(Task details): Nothing but the lines from the one showing "Chocolate 45 degrees" through the final line of the data below belongs in the answer, duplicated exactly and without pictures.

(Data excerpt):
⁂

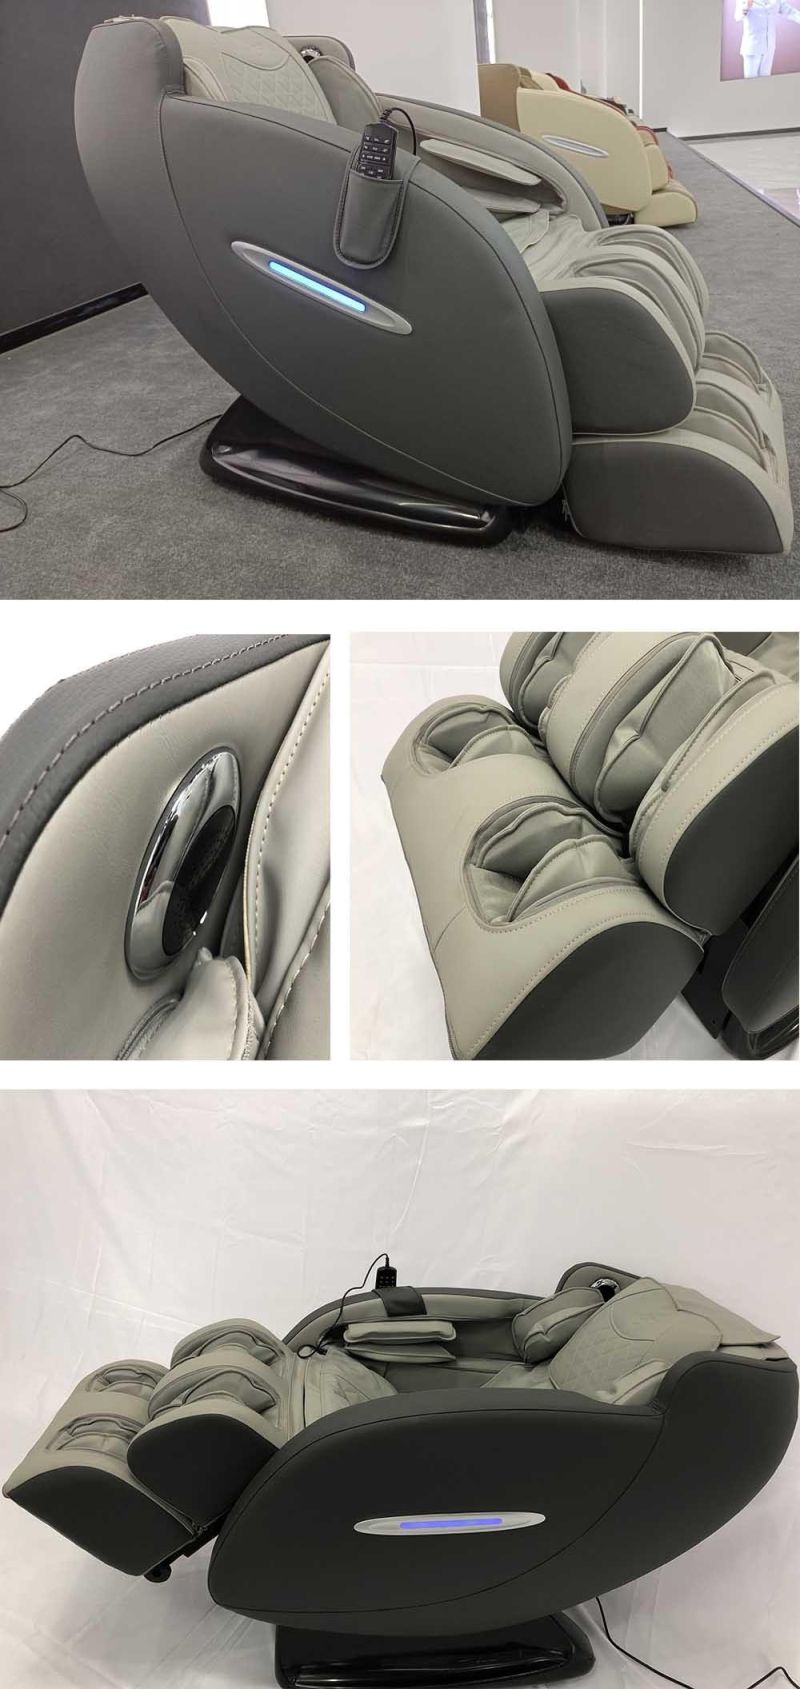 electric Massage Chair Full Body Modern Design with Zero Gravity
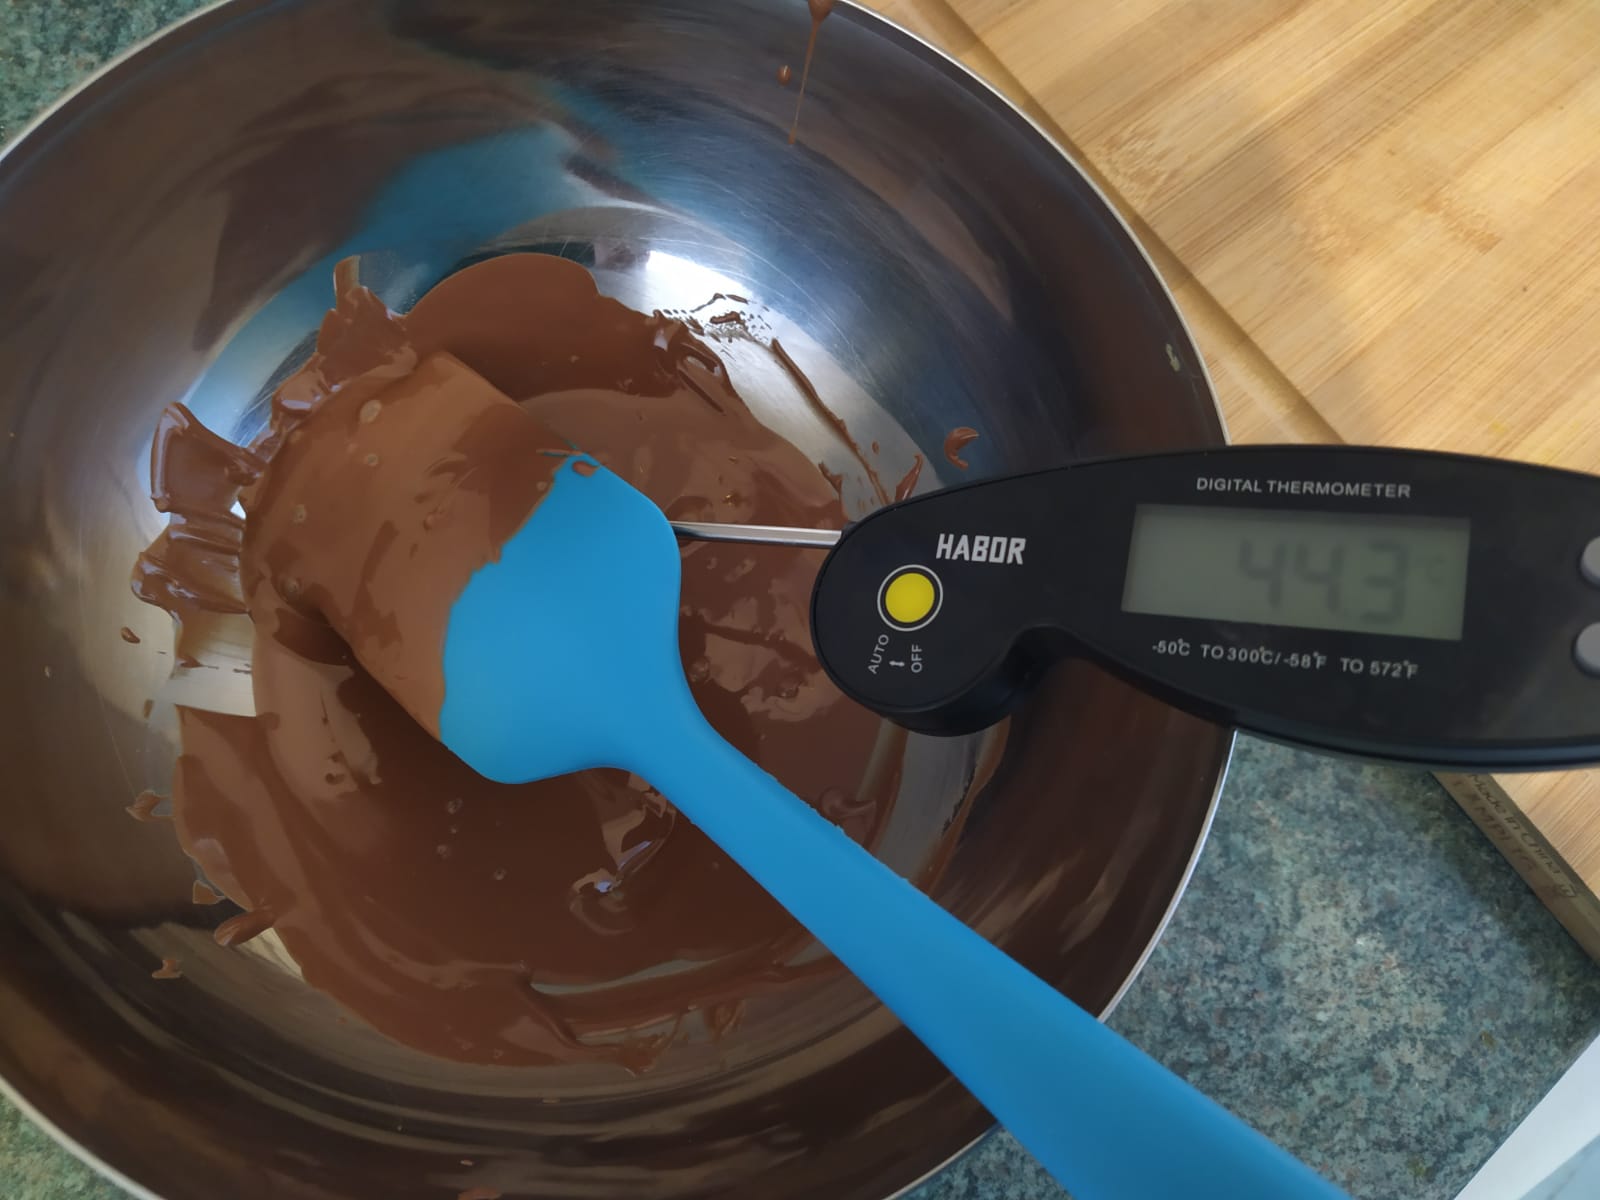 Chocolate 45 degrees
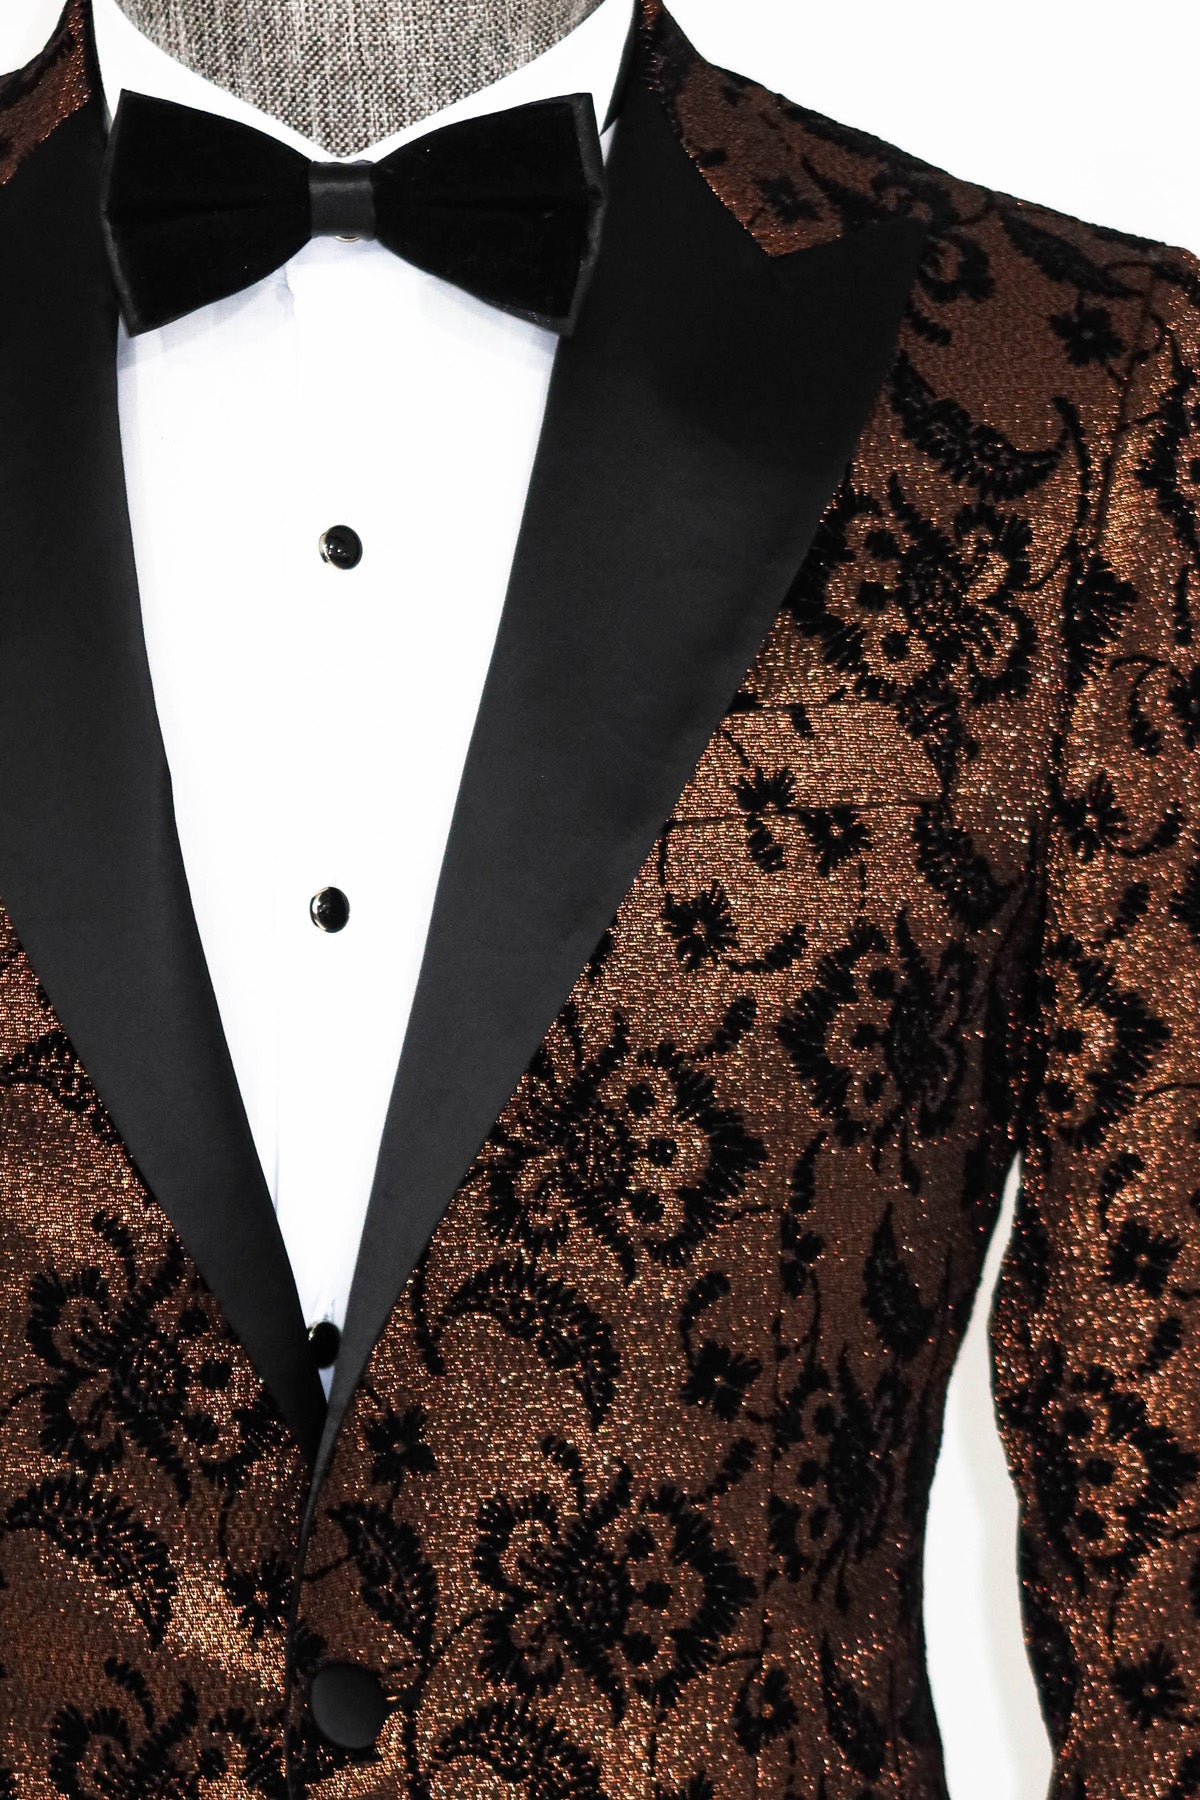 KCT Menswear - Men's Rose Brown Sparkle Prom Blazer with Black Floral Design

⁂

(Your solution):
 Chocolate 45 degrees
 KCT Menswear - Men's Rose Brown Sparkle Prom Blazer with Black Floral Design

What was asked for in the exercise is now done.